Sh--... I better build it!

siva7 · 2 years ago
I'm not sure i understand?
atleastoptimal · 2 years ago
The GPT's making the most money will be made by larger companies who advertise use of it and maybe make it a funnel to their in-app integration, or GPTs which are made effective by information that is proprietary.
bbor · 2 years ago
Part of the announcement is that they'll open up an app store w/ revenue sharing of some kind. "In the coming months" or smtn
teabee89 · 2 years ago
"Example GPTs are available today for ChatGPT Plus and Enterprise users to try out including Canva and Zapier AI Actions." and yet as a paying ChatGPT Plus customer, neither the Canva nor the Zapier AI Actions link work for me, I get a "GPT inaccessible or not found" error for Canva or Zapier.
vinni2 · 2 years ago
I have the same issue, my guess is they are still rolling out.

Edit: here is the message I get:

Your access to custom GPTs isn’t ready yet. We’re rolling this feature out over the coming days. Check back soon.

nomel · 2 years ago
OpenAI is a sane company. They do rollouts for new features.
joshstrange · 2 years ago
No, they just lie in their marketing

> Example GPTs are available today for ChatGPT Plus

or

> Starting today, no more hopping between models; everything you need is in one place.

Neither of which are true. I'm a paying user and I have access to neither. They do this _all the time_. They announce something "available immediately" and it trickles out a week or more later. If they want to do gradual rollouts (which is smart) then they should say as much.

littlestymaar · 2 years ago
> The best GPTs will be invented by the community

> We believe the most incredible GPTs will come from builders in the community.
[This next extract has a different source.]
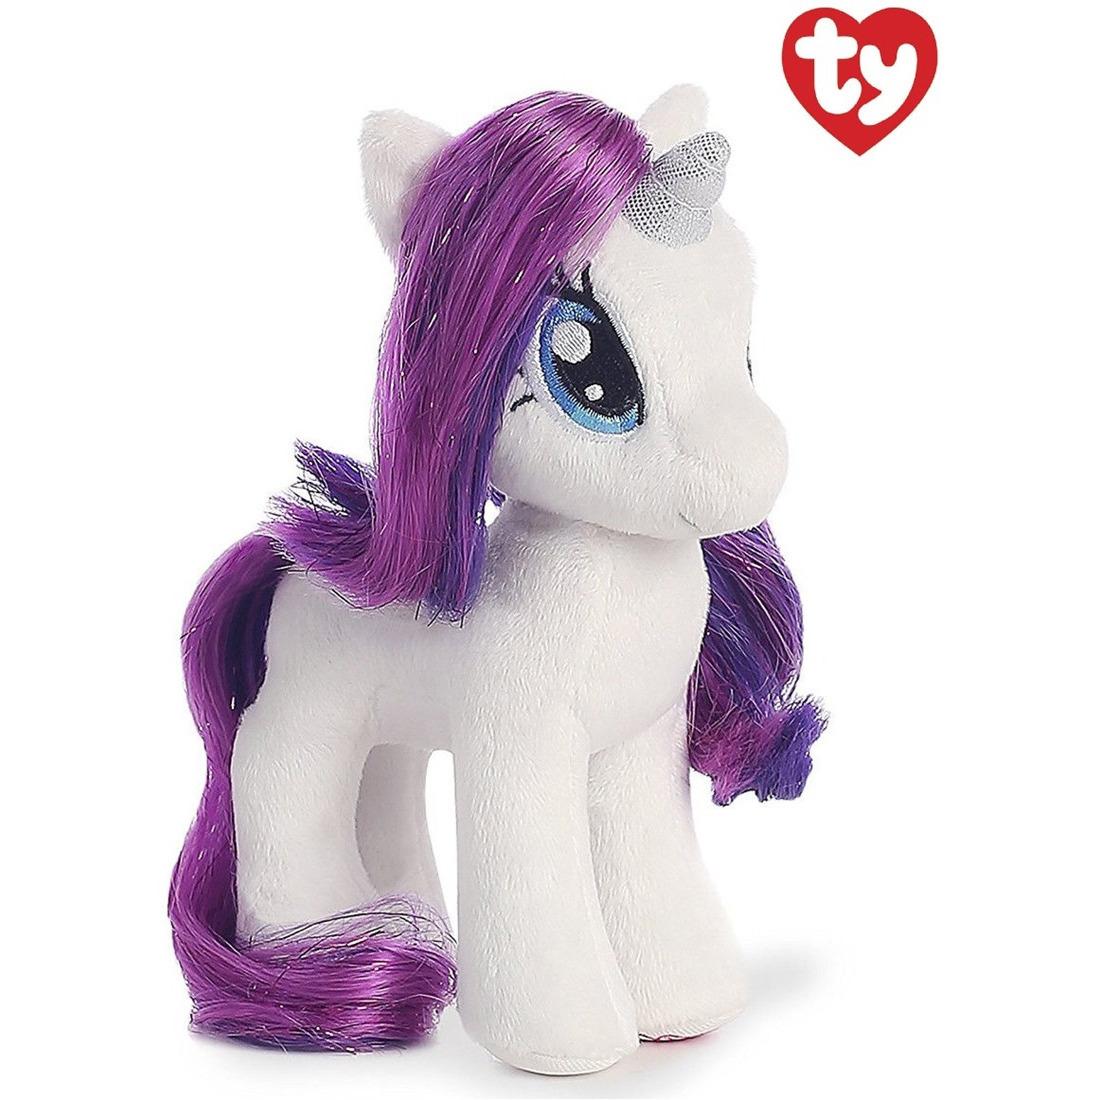 Witte Ty Beanie paard/pony knuffels Rarity 41 cm knuffeldieren
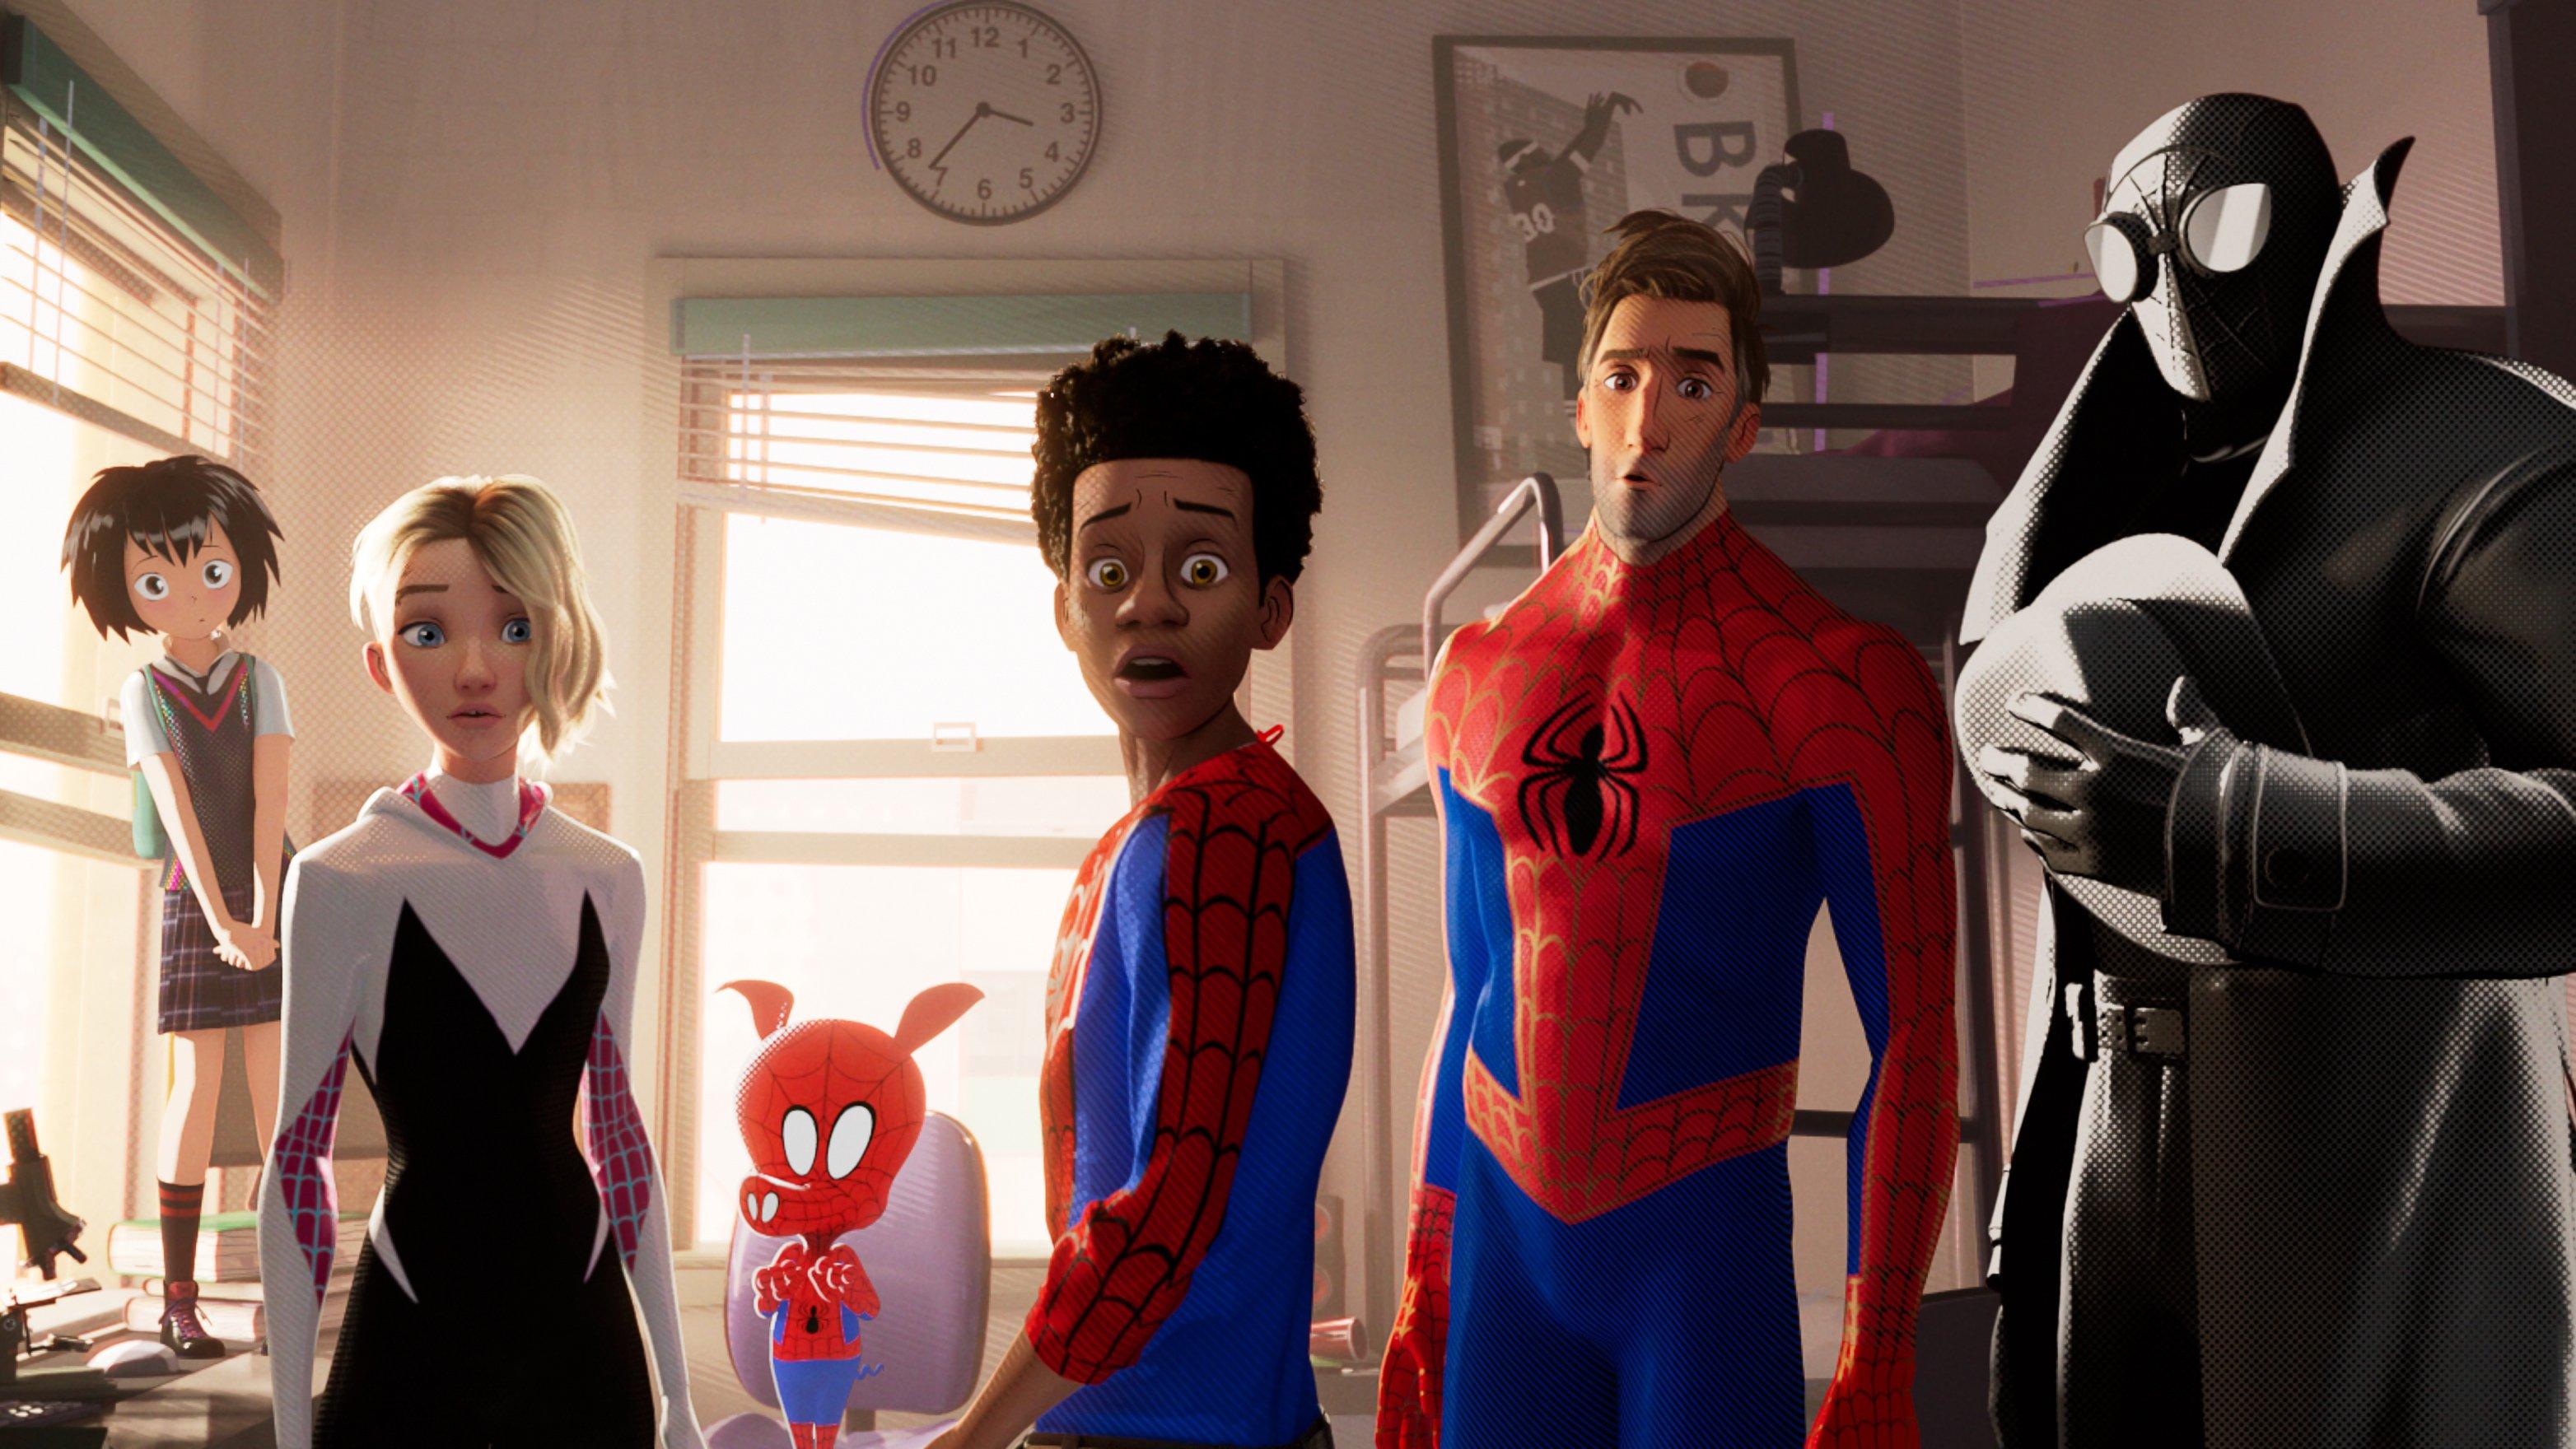 Fondos de pantalla Personajes de Spider-Man: Un nuevo universo

Whether you’re an educator, coach, or just someone who loves to build helpful tools, you don’t need to know coding to make one and share your expertise.

“Please work for us for free, while we keep all the product of your work for ourselves like we did with the content we scraped on the internet.”

OpenAI really is next level parasitism.

leobg · 2 years ago
Isn’t that the game they all play? Amazon Marketplace. Apple App Store. Let the guinea pigs run. See which one gets the furthest. Then take away its lunch.